The Final Solution
Recommended Reading by Andria Regan
The Final Solution
Michael Chabon
(Fourth Estate)
Michael Chabon is the Pulitzer Prize winning author of The Amazing Adventures of Kavalier and Clay. This means nothing to me, however, in a world where Hilary Swank wins an Oscar for Boys Don’t Cry, and then follows it up with The Core…
Chabon’s follow-up, The Final Solution, reads a hiccup past 130 pages, and yet I feel I deserve the credit of having read something comparable to the 1,000 pages of Lonesome Dove, or even the first chapter of the Bible. His thoughts are massive and his language gigantic.

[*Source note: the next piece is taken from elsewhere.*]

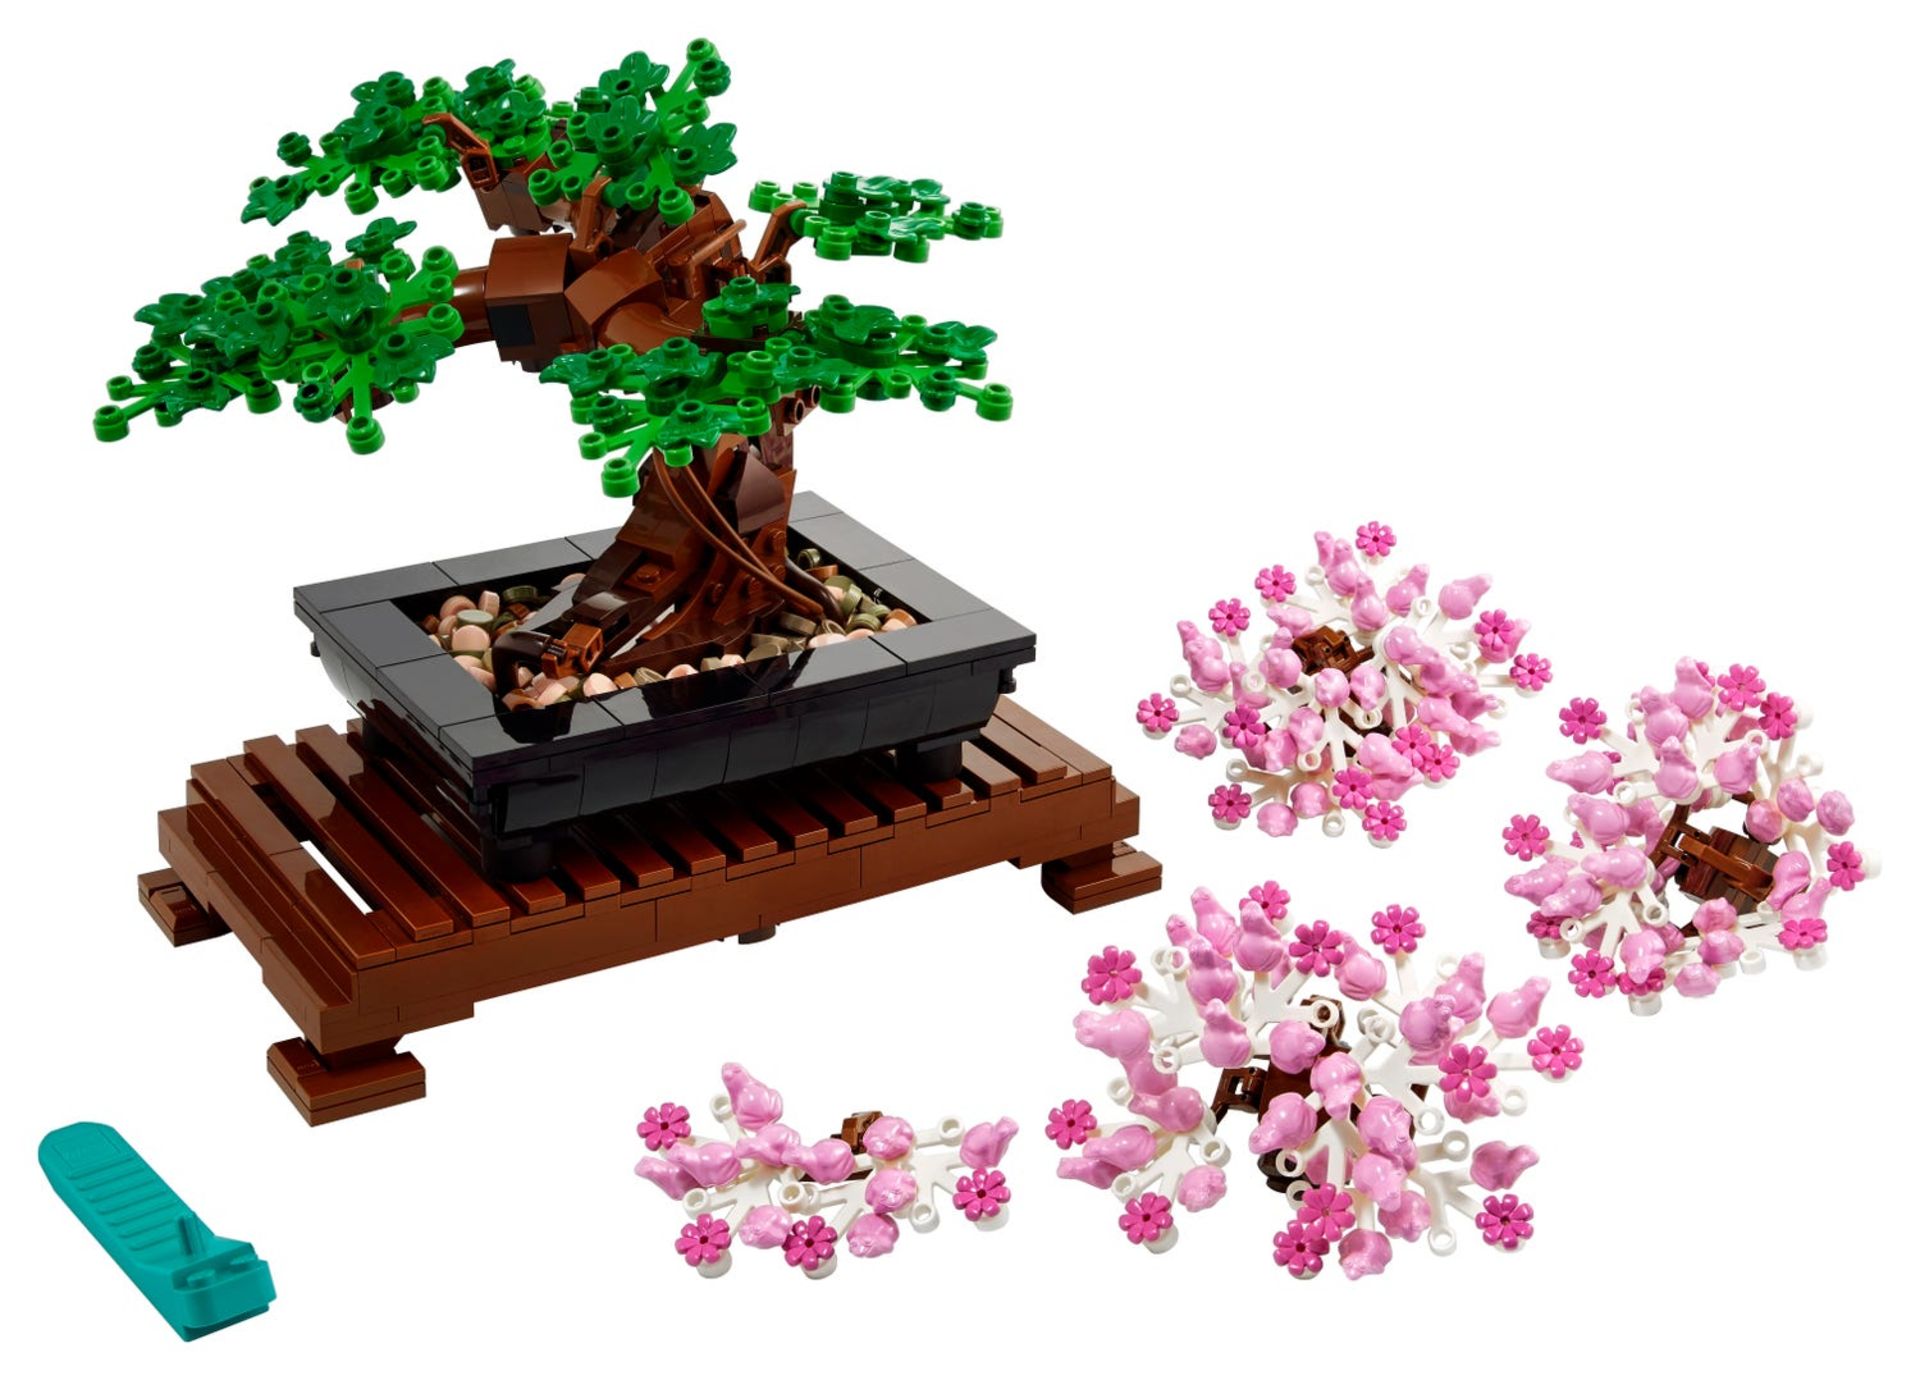 1 x Lego Botanical Collection Bonsai Tree 878 Pieces 18+ (10281) - Brand New - CL987 - Ref: - Image 3 of 5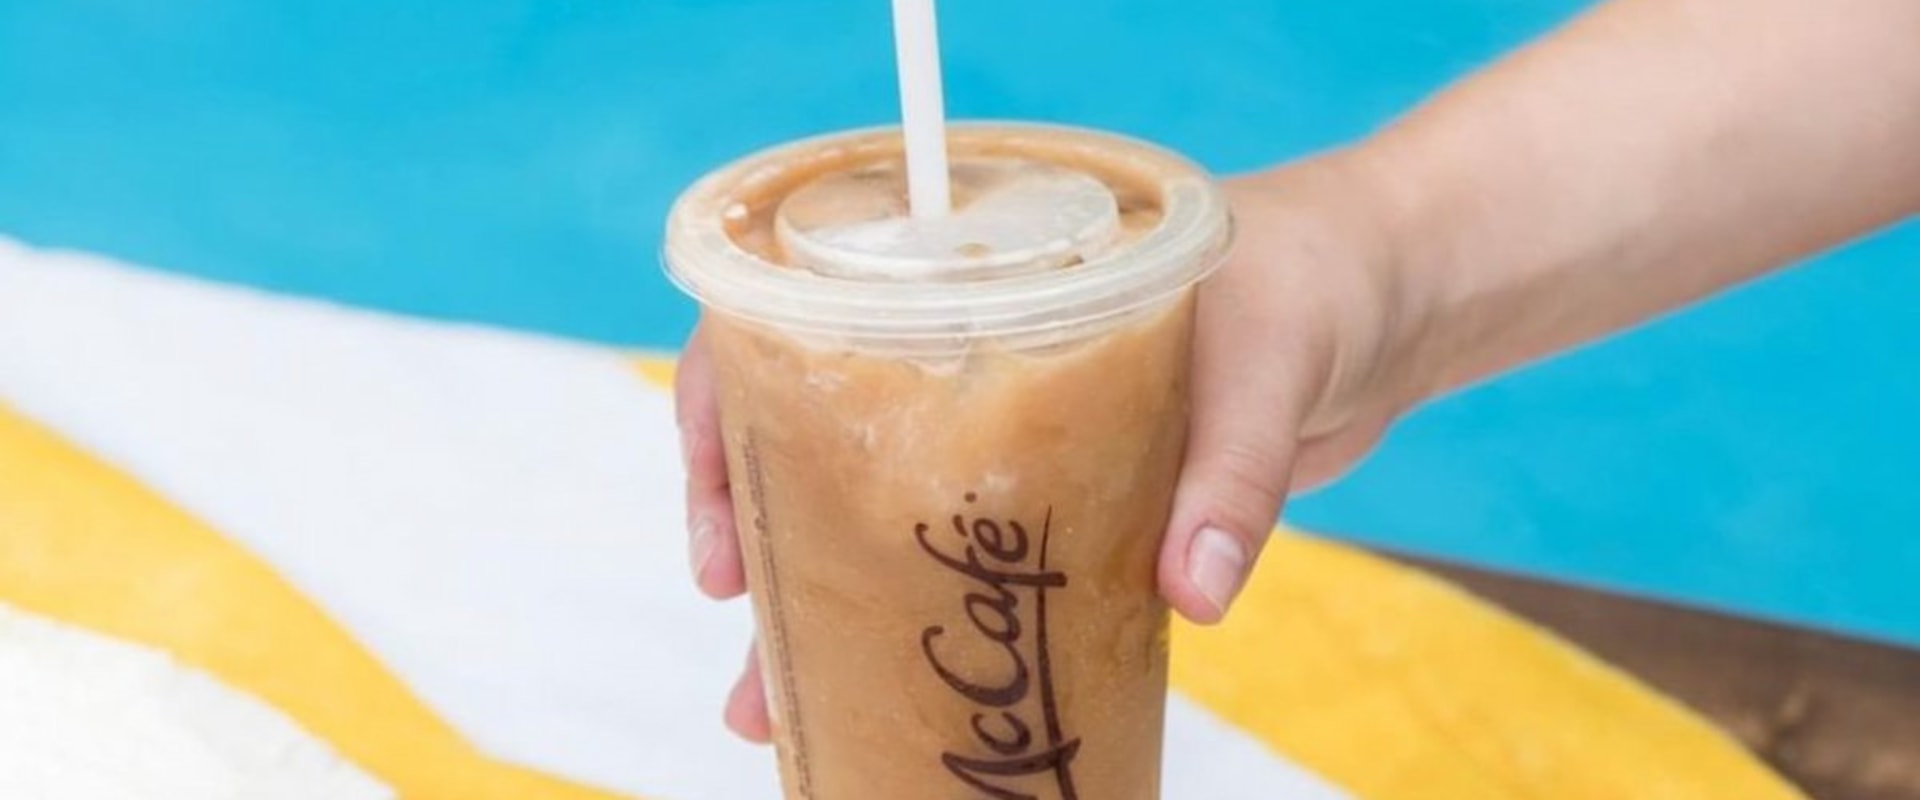 How Much Caffeine is in a McDonald's Iced Coffee?

He describes around his subjects, making them recognizable only because we know the shape of all their surroundings; he sidesteps the assumptions associated with “mystery,” and more appropriately names his work, “a story of detection.”
The Final Solution begins with a young, mute German refugee boy wandering the open lands of Sussex in 1944. His only companion is a parrot named Bruno whose song is a repetition of numbers. Next, and in no particular order: deception, murder, loss of faith, kidnapping, espionage, redemption and peace. The story begins guns a-blazin’, wrought with intrigue, and as with nearly all fantastic beginnings, there is no feasible way the finale can live up to the grandness of endless possibility. What makes the story live up to its own standard is the characters’ pure appeal and the degree of involvement Chabon requires of his readers. There is no skimming here; no assuming anything. You must absorb yourself in this book and enjoy the detection that every sentence demands from you. There is an entirely different world living in the head of Michael Chabon-one that he generously shares, and that I definitely want to be a part of.
My only regret in starting this book-as is the case with all great books-is that it eventually had to come to an end.